理想上，若能早期診斷登革熱重症，即可以提供有效的病情監控管理，降低併發症與死亡率。 然而，目前現有的檢驗技術尚無法滿足預測登革熱嚴重度的臨床需求。我們亦以偵測病人血清中非結構性蛋白1與凝血酶複合物來發展登革感染的酵素免疫分析法(enzyme-linked immunosorbent assay, ELISA)與側流式免疫分析(lateral flow immunoassay, LFIA)快速診斷套組，經成大醫院的登革病人血清庫進行先期試驗驗證，發現新檢驗試劑之敏感度較市售試劑套組高且可以預測登革重症，此發現已獲得台灣專利，目前持續進行產品優化中。

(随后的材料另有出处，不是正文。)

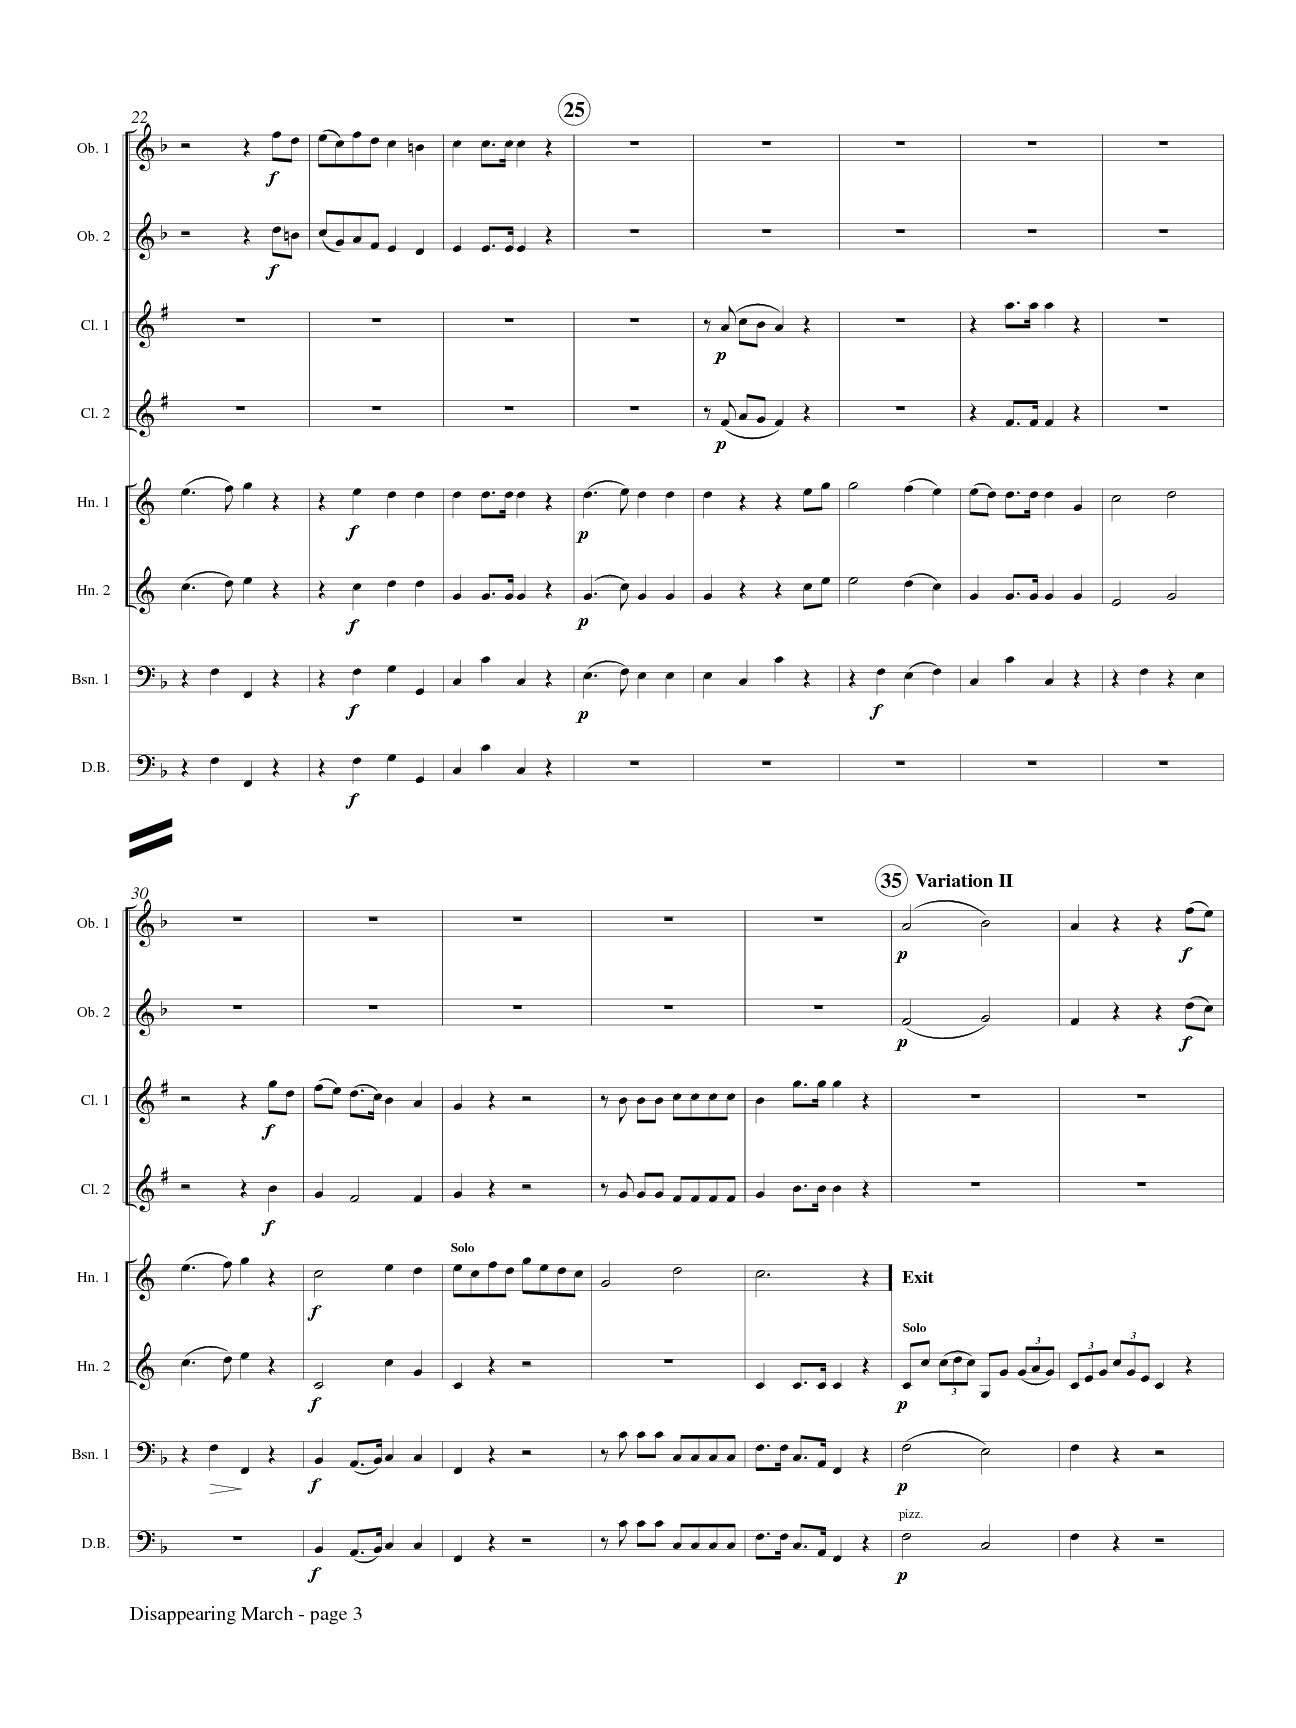 Druschetzky (arr. Christopher Weait) - Disappearing March from Partita No. 21
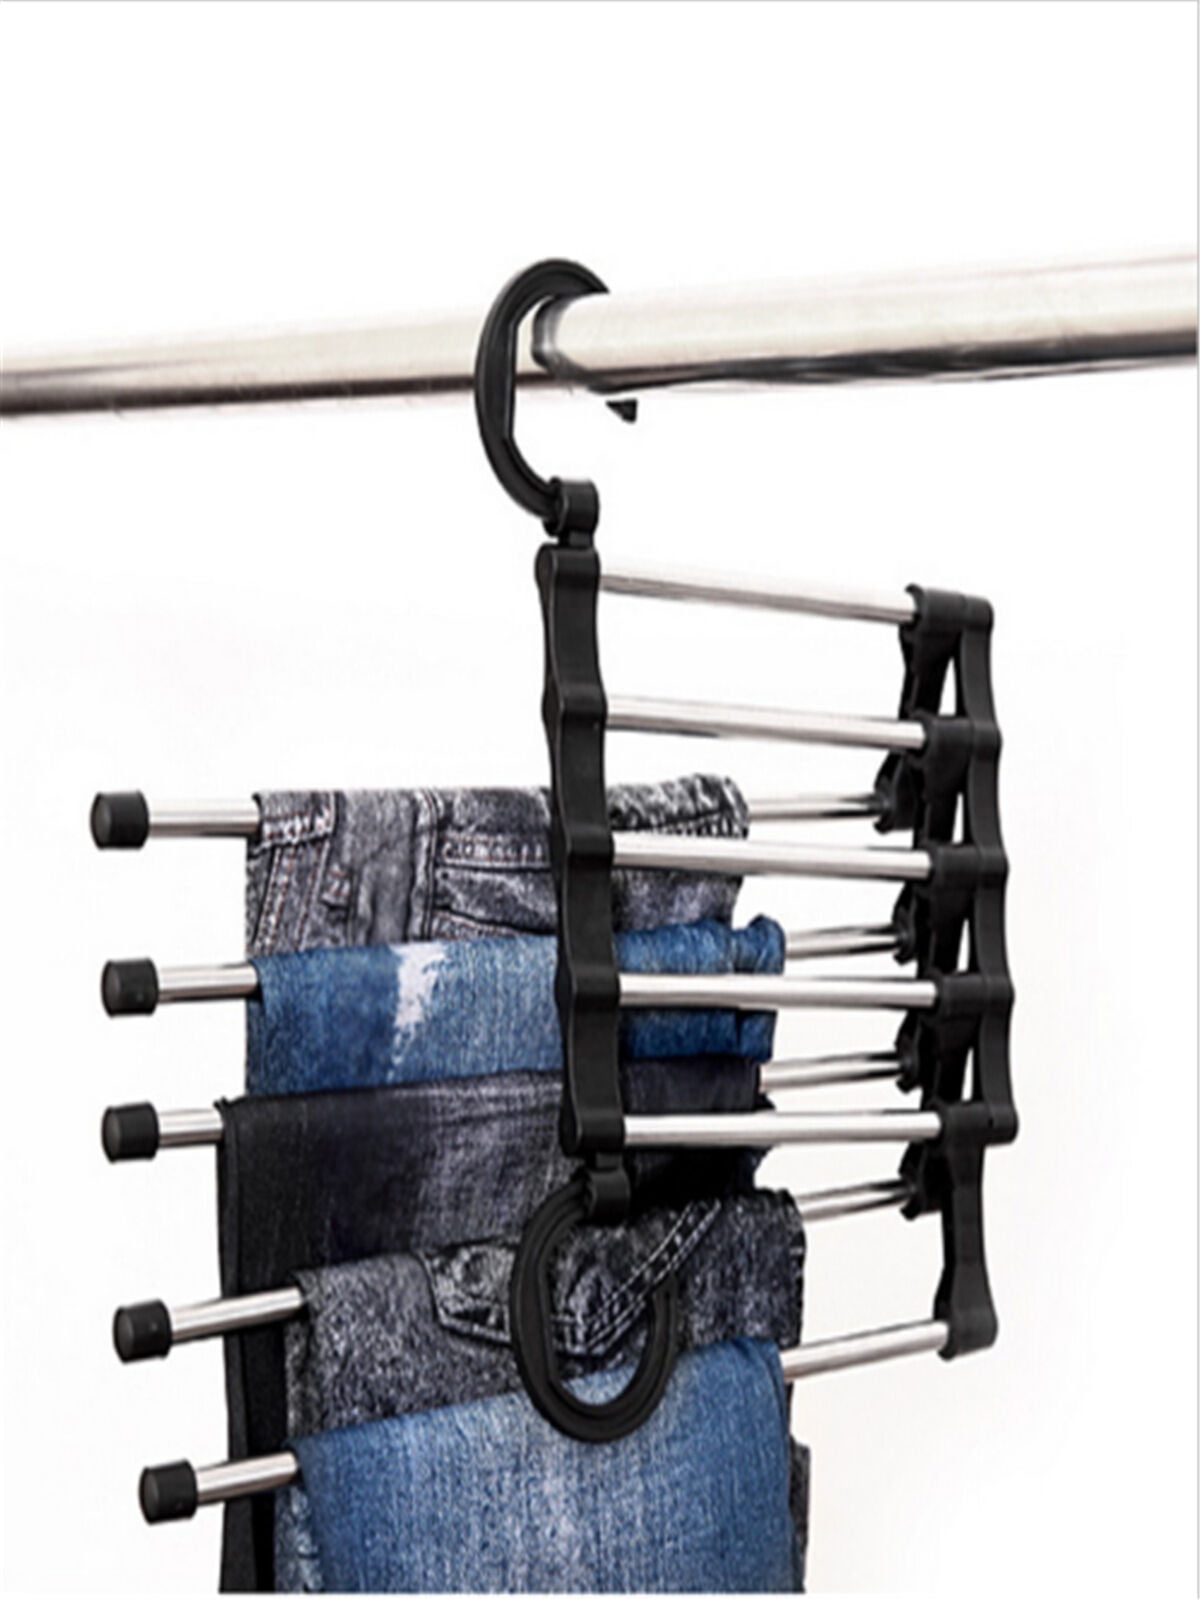 5 in 1 Multifunctional Storage Trousers Hangers Delisouls Pants Rack Shelves Non-Slip Closet Organizer for Scarfs Jeans Clothes Trousers Towels

Dengue has become a globally important mosquito-borne infectious disease. The clinical manifestations of dengue virus infection are quite diverse, ranging from mild fever to hemorrhage and shock. Since there are no effective vaccines and antiviral drugs, it relies mainly on early clinical diagnosis and supportive medical care. If the disease progresses to dengue hemorrhagic fever/dengue shock syndrome, there is a high mortality rate. Therefore, how to predict the severity of dengue infection and treat severe dengue infection early has been the focus of global dengue research. We identified that the combination of leucopenia, thrombocytopenia, elevated aminotransferase, low C-reactive protein and prolonged activated partial thromboplastin time severed as good predictive markers (positive predictive value 93.1%) of laboratory-confirmed dengue during an outbreak in Southern Taiwan. Viral nonstructural protein 1 (NS1) and host high mobility group box-1 (HMGB1) protein were related to the severity of illness in dengue infections. HMGB1 nucleocytoplasmic translocation was also observed in dengue-infected cells. However, the interaction between viral NS1 protein and host HMGB1 remains unclear. Serum HMGB1 levels were elevated in all dengue patients and tended to be higher in those who with severe disease. Serum NS1 levels was also elevated in dengue patients. HMGB1 translocated from the nucleus to the cytoplasm in peripheral blood mononuclear cells (PBMC) of dengue patients, accompanied by an increase in HMGB1 mRNA. Both dengue and Zika viral NS1 proteins could induce intracellular translocation of HMGB1 in human K562 cells, while the NS1 proteins of other flaviviruses have no obvious effects. These findings will help to understand the pathogenesis and develop new treatment for severe dengue. Besides, NS1 was found to form complex with host coagulation factors, i.e. thrombin especially in severe dengue infection. We developed novel diagnostic kits for detecting NS1-thrombin complex using enzyme-linked immunosorbent assay (ELISA) and lateral flow immunoassay (LFIA). Higher sensitivity for detecting dengue infection is achieved by detecting NS1-thrombin complex. The diagnostic kits could successfully detect all four serotypes of dengue viruses. Serum NS1-thrombin complexes were elevated earlier in fatal dengue cases and correlated well with the clinical deterioration. The newly developed diagnostic kits for dengue severity had good performance in the pilot study.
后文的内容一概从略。